▶ _EXERCISE DETAILS_:
Please return every record exactly, with no pictures included.

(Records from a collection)

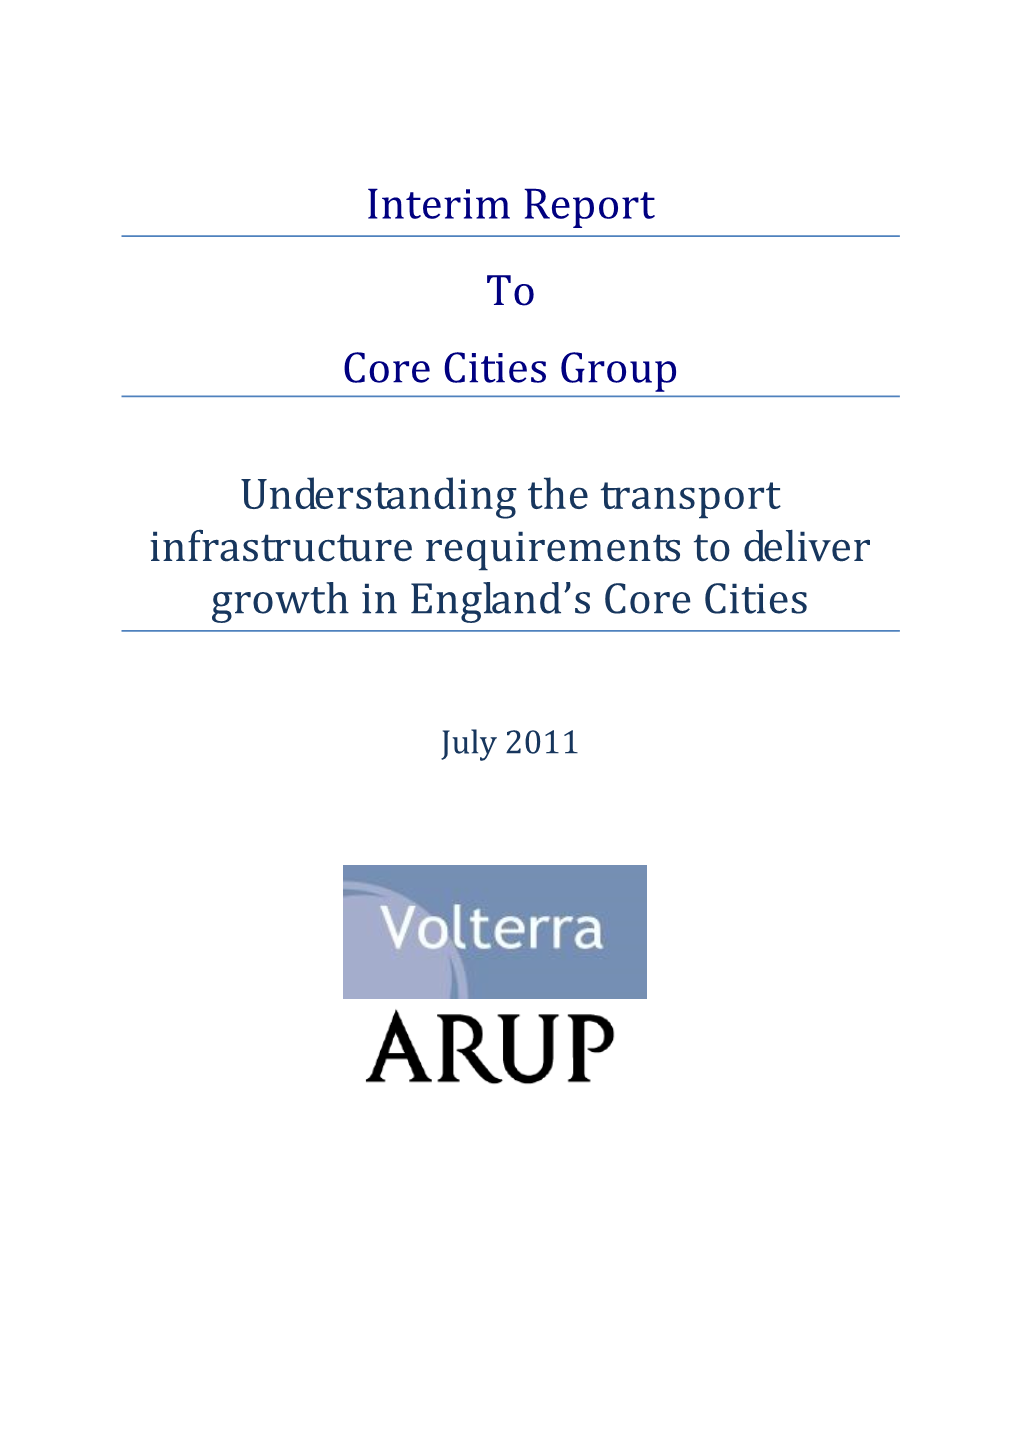 Interim Report to Core Cities Group
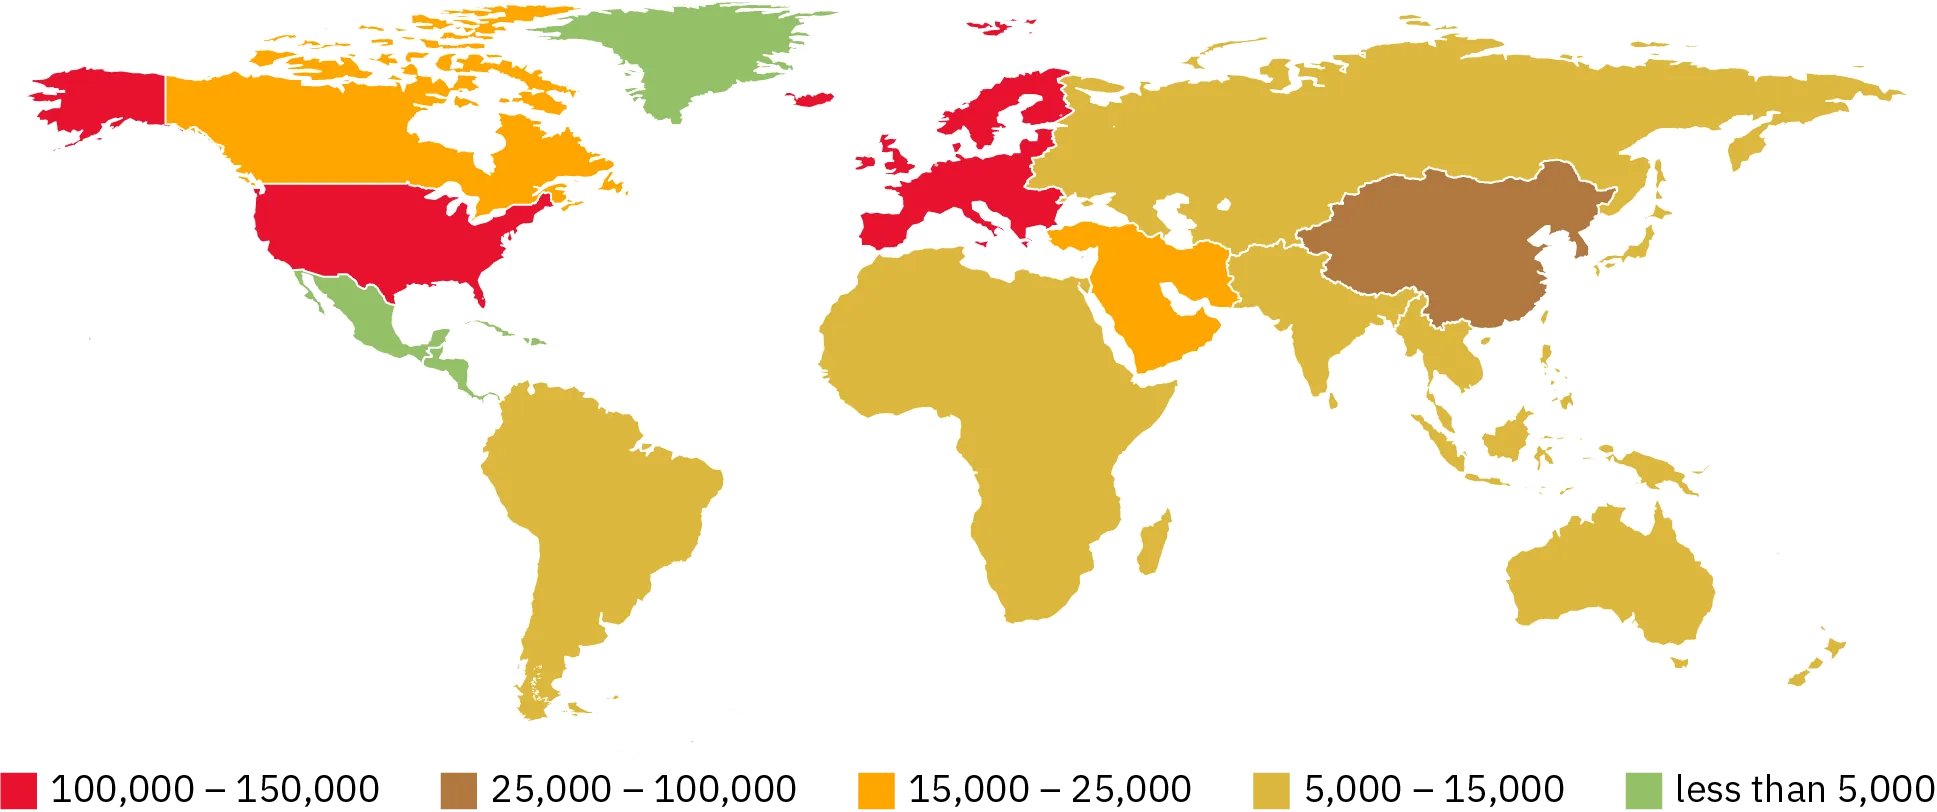 A map with shading to indicate the number of ongoing clinical trials in various regions. The following regions have 100,000 - 150,000: the United States, Western Europe. The following region has 25,000 - 100,000: China. The following regions have 15,000 - 25,000: Canada, the Middle East. The following regions have 5,000 - 15,000: South America, Africa, Russia, Eastern Europe, Southeast Asia, Australia. The following regions have less than 5,000: Mexico, Central America, Greenland.
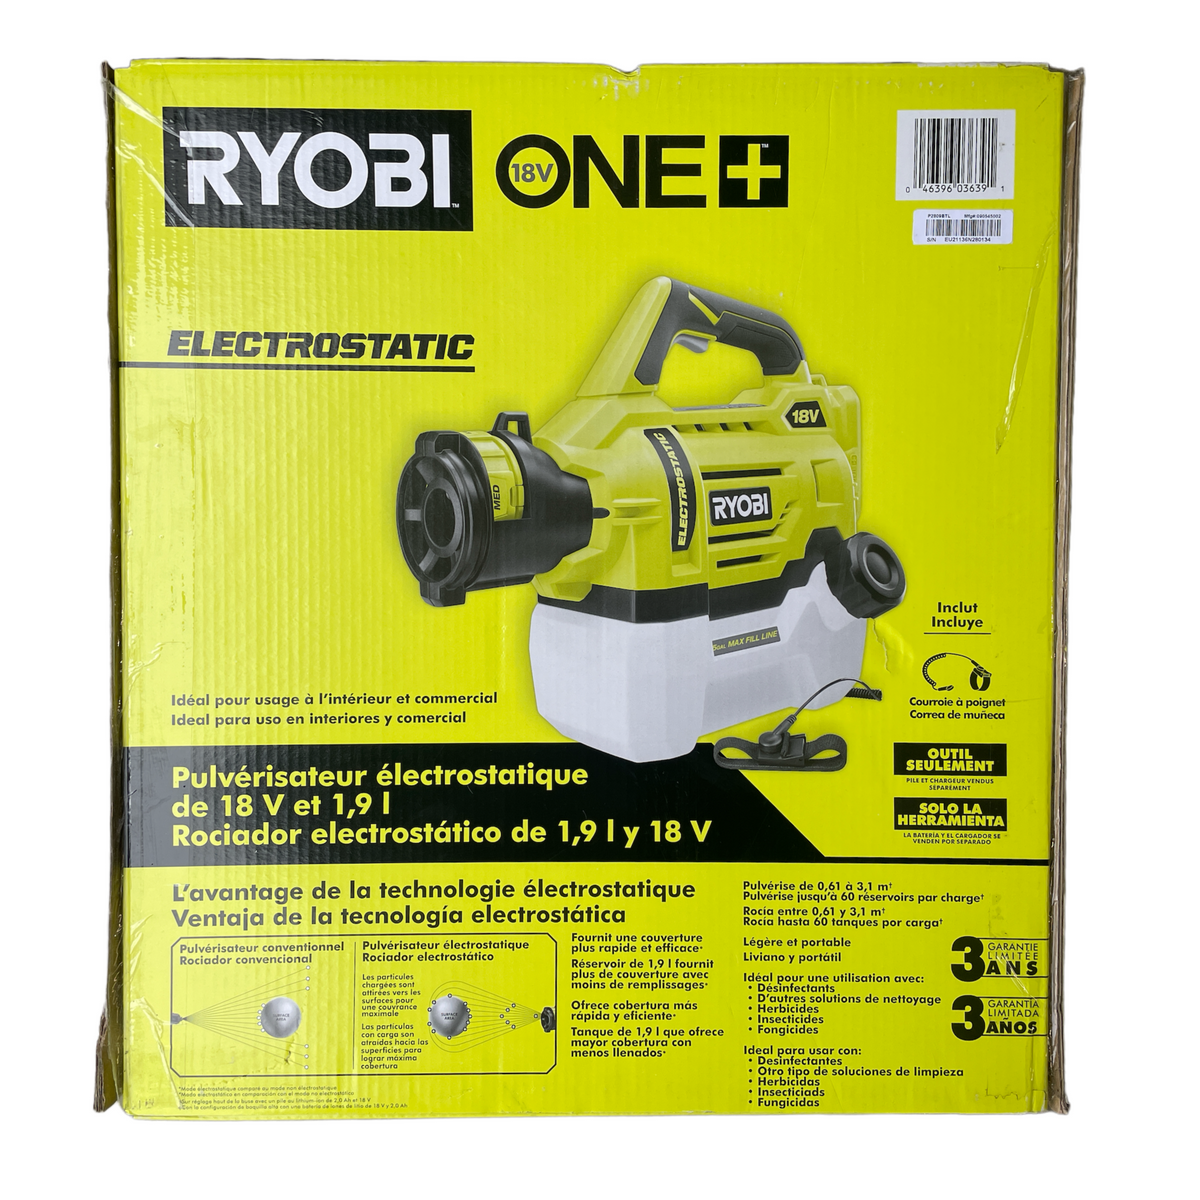 ONE+ 18-Volt Cordless Electrostatic 0.5 Gal. Sprayer (Tool Only) – Ryobi  Deal Finders
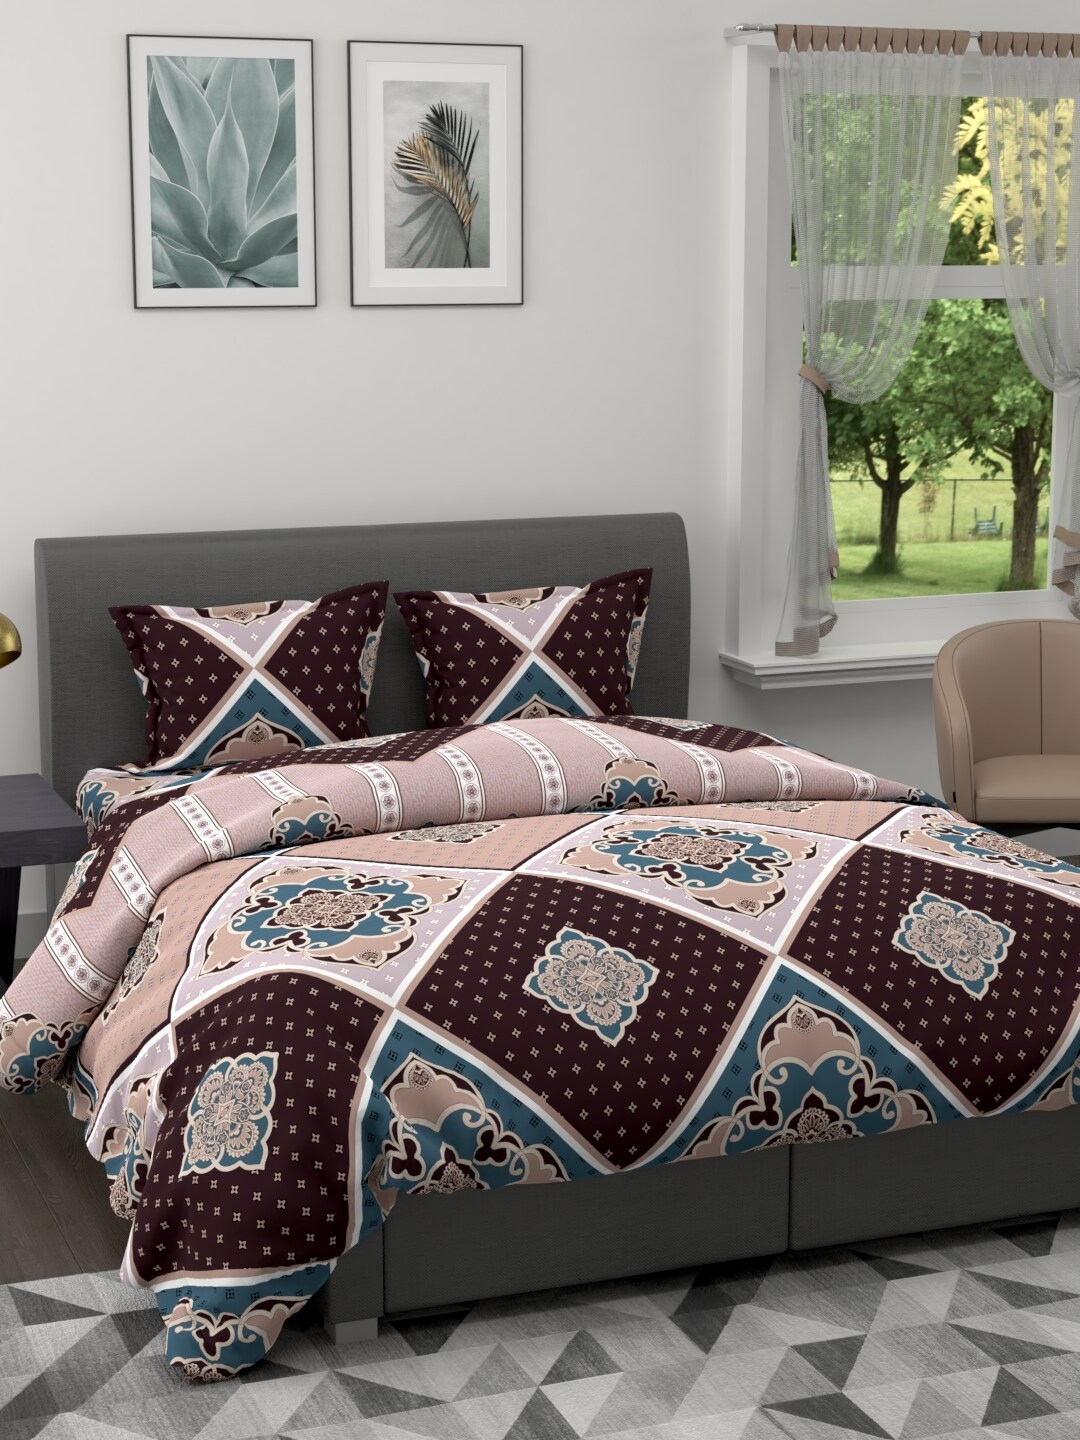 BIANCA Brown & Beige Ethnic Motifs Printed Cotton 150 GSM Double King Bedding Set Price in India
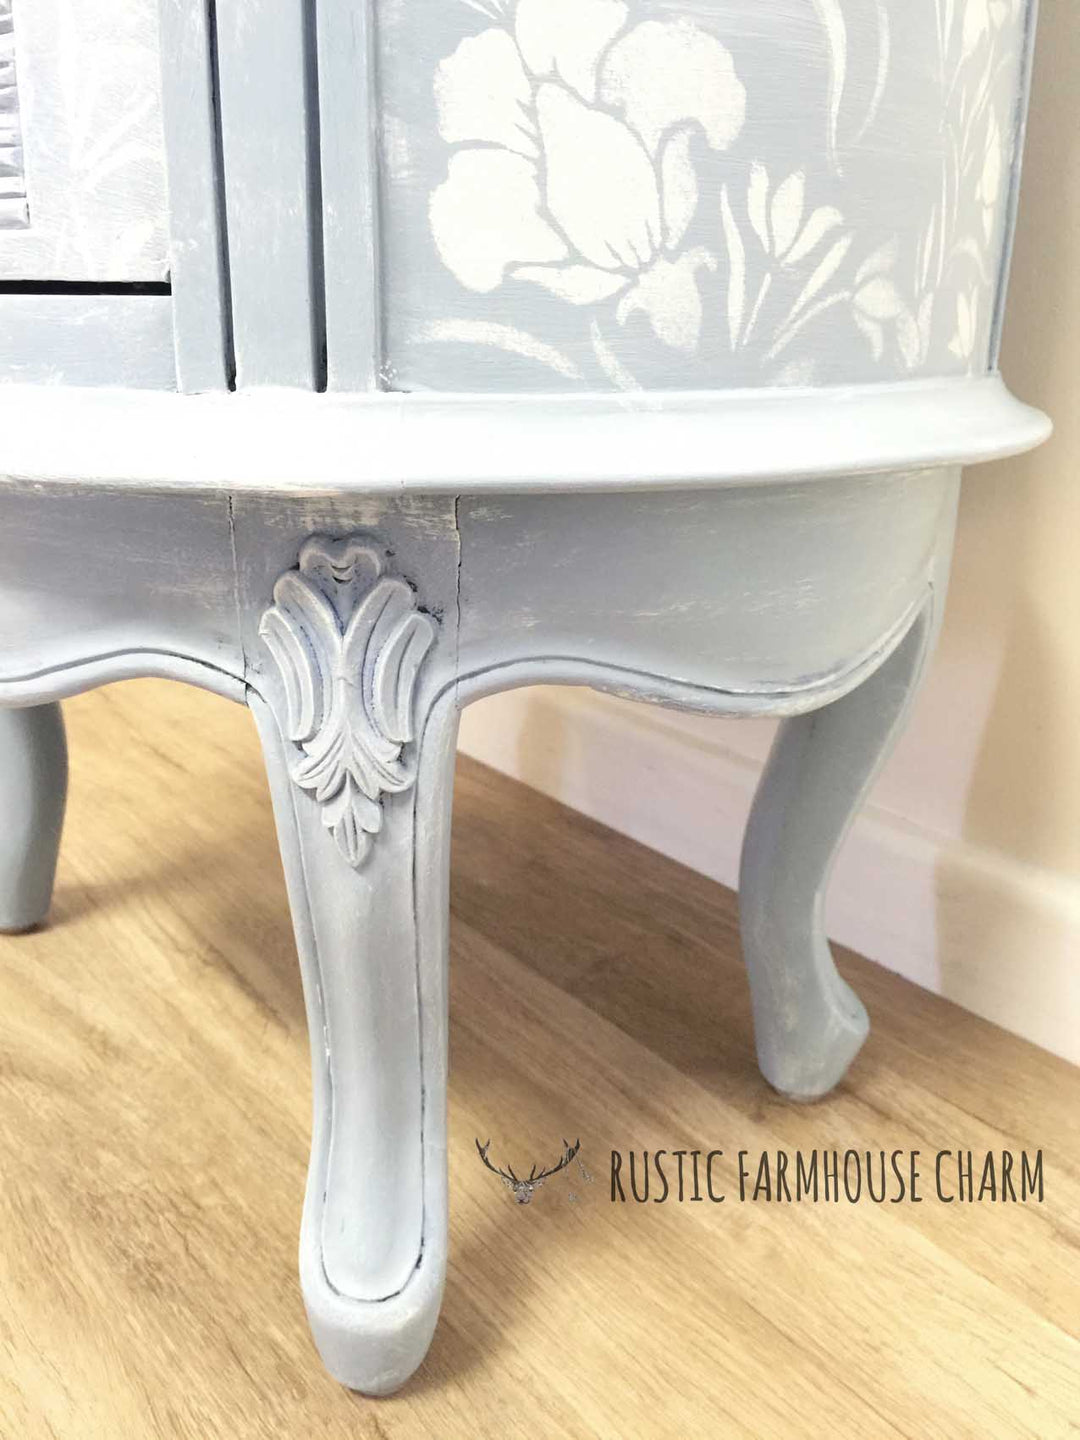 Floral Carved Indian Side Table with Drawers - Rustic Farmhouse Charm

▶ _SOLUTION_:
 Interim Report to Core Cities Group
 A map with shading to indicate the number of ongoing clinical trials in various regions. The following regions have 100,000 - 150,000: the United States, Western Europe. The following region has 25,000 - 100,000: China. The following regions have 15,000 - 25,000: Canada, the Middle East. The following regions have 5,000 - 15,000: South America, Africa, Russia, Eastern Europe, Southeast Asia, Australia. The following regions have less than 5,000: Mexico, Central America, Greenland.
 ONE+ 18-Volt Cordless Electrostatic 0.5 Gal. Sprayer (Tool Only) – Ryobi  Deal Finders
 BIANCA Brown & Beige Ethnic Motifs Printed Cotton 150 GSM Double King Bedding Set Price in India
 Floral Carved Indian Side Table with Drawers - Rustic Farmhouse Charm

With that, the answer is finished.